Backuppc normally compresses the files for even more disk savings, and it hard-links all files with identical content with its hash based pooling mechanism. This works across targets, not just for the unchanged files in a single run so it is great where you have copies of the same files on many hosts.
I'm evaluating ZFS and will likely include some features of ZFS into BBuddy as we integrate these capabilities into our backup processes. We're free to do this in part because we have redundant backup sets, so a single failure wouldn't be catastrophic in the short/medium term.
By the way, there is a new version of backuppc (4.0) in alpha testing that does not use hardlinks for the pooling plus some other changes that will help make it easier to rsync the whole archive to an offsite mirror. I haven't tried it myself yet and am not sure off the top of my head if it chunks up large files for better pooling of the unchanged portions.
On 12/18/2013 03:04 PM, Les Mikesell wrote:
For the people who don't know, backuppc builds a directory tree for each backup run where the full runs are complete and the incrementals normally only contain the changed files. However, when you access the incremental backups through the web interface or the command line tools, the backing full is automatically merged so you don't have to deal with the difference - and when using rsync as the xfer method, deletions are tracked correctly.
Should I read this as "BackupPC now has its own filesystem driver"? If so, wow. Or do you mean that there are command line tools to read/copy BackupPC save points?
On 12/18/2013 3:41 PM, Lists wrote:
Should I read this as "BackupPC now has its own filesystem driver"? If so, wow. Or do you mean that there are command line tools to read/copy BackupPC save points?
web interface, primarily. you can restore any portion of any version of any backup to the original system, or download it as a .zip or .tar file.
On Wed, Dec 18, 2013 at 5:41 PM, Lists lists@benjamindsmith.com wrote:
On 12/18/2013 03:04 PM, Les Mikesell wrote:
For the people who don't know, backuppc builds a directory tree for each backup run where the full runs are complete and the incrementals normally only contain the changed files. However, when you access the incremental backups through the web interface or the command line tools, the backing full is automatically merged so you don't have to deal with the difference - and when using rsync as the xfer method, deletions are tracked correctly.
Should I read this as "BackupPC now has its own filesystem driver"? If so, wow. Or do you mean that there are command line tools to read/copy BackupPC save points?

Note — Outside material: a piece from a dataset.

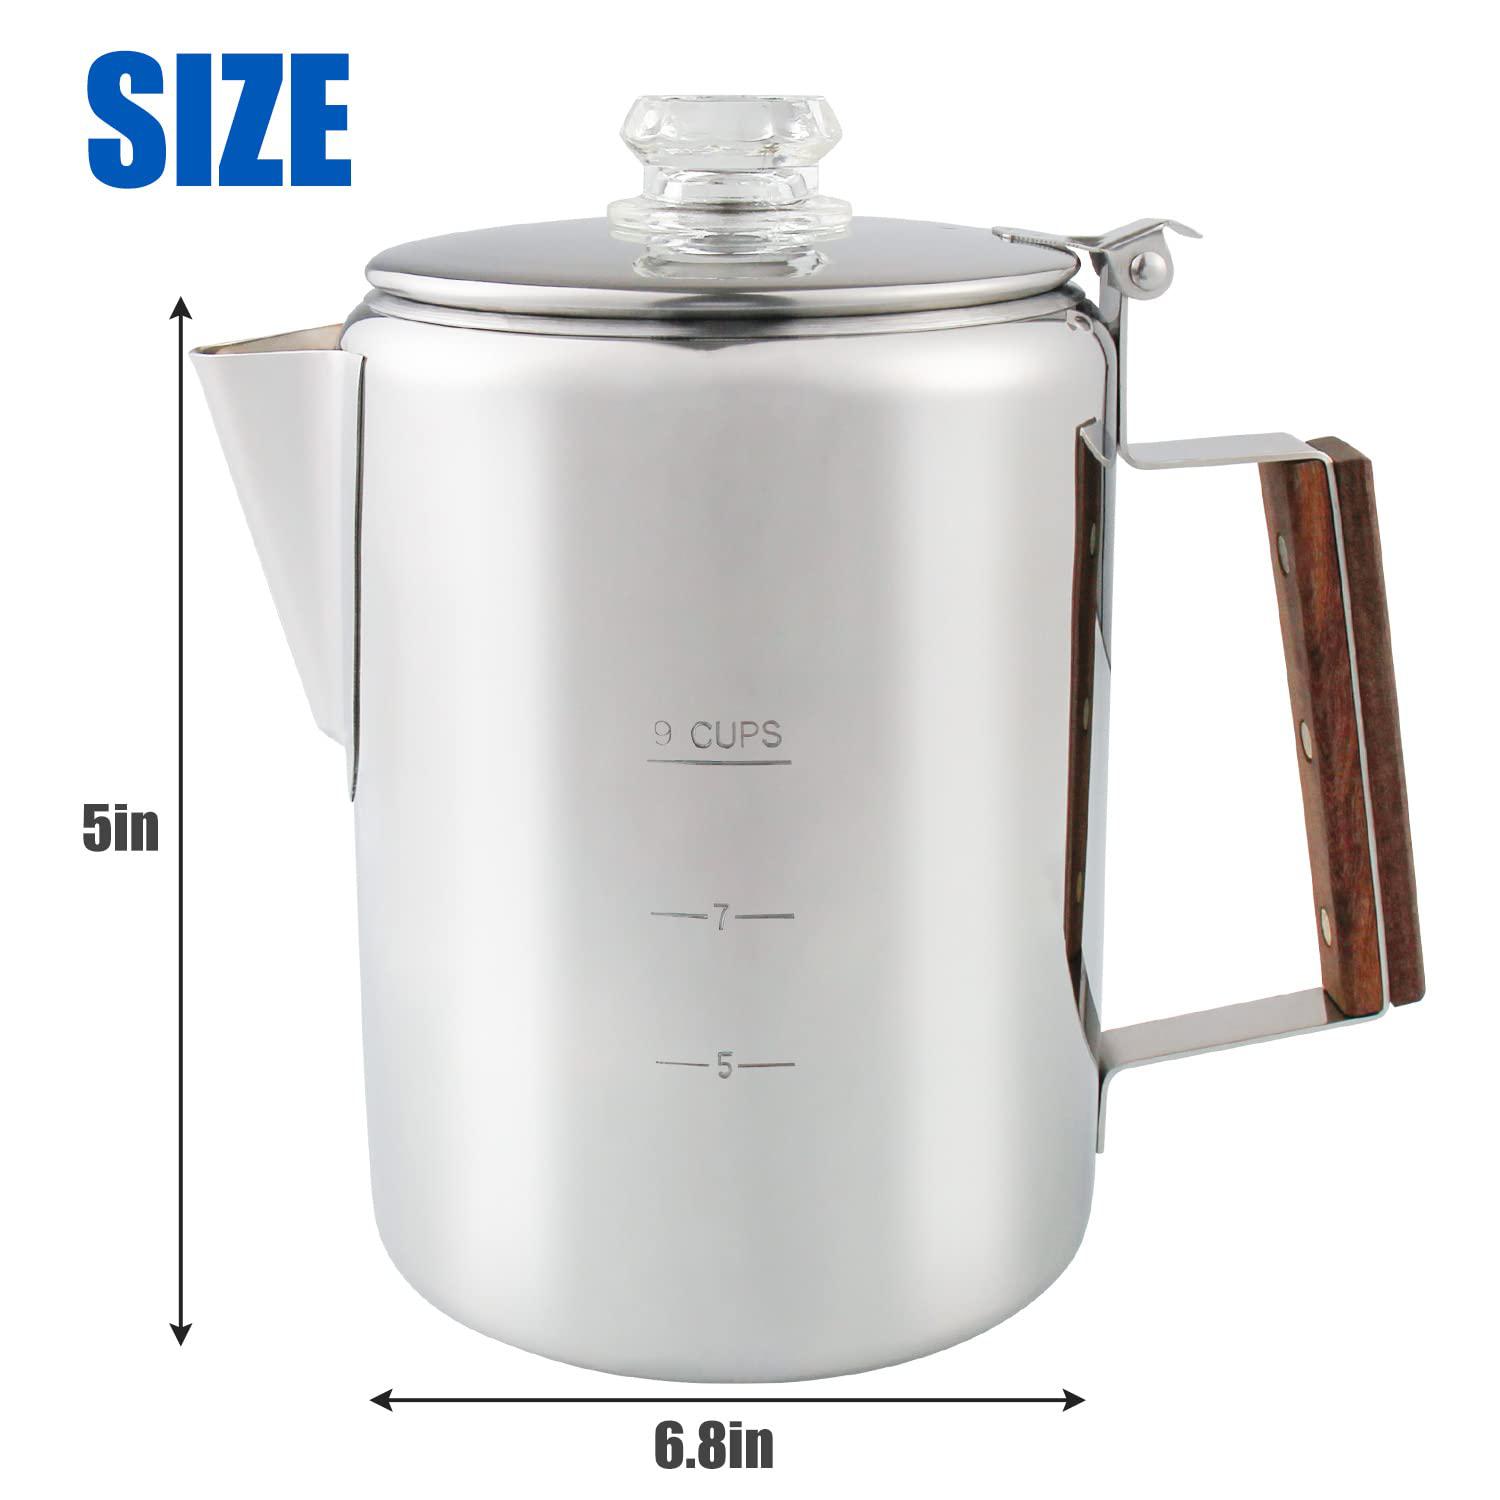 apoxcon coffee percolator, camping coffee pot 9 cups stainless steel coffee maker with clear top glass knob, percolator coffe

No it is all application level stuff that really only needs hardlinks to work correctly and atomically on the underlying filesystem. It does, however, have its own rsync implementation in perl that knows how to work with compressed files on the server side while chatting with a stock rsync at the other end. There is a web interface to browse/restore (or download single files or tar/zip images) and command line tools to extract single files or tar images. I think someone did do a read-only fuse filesystem on top of it though, so you could do things like grep/diff/rsync directly - but it is not part of the standard system.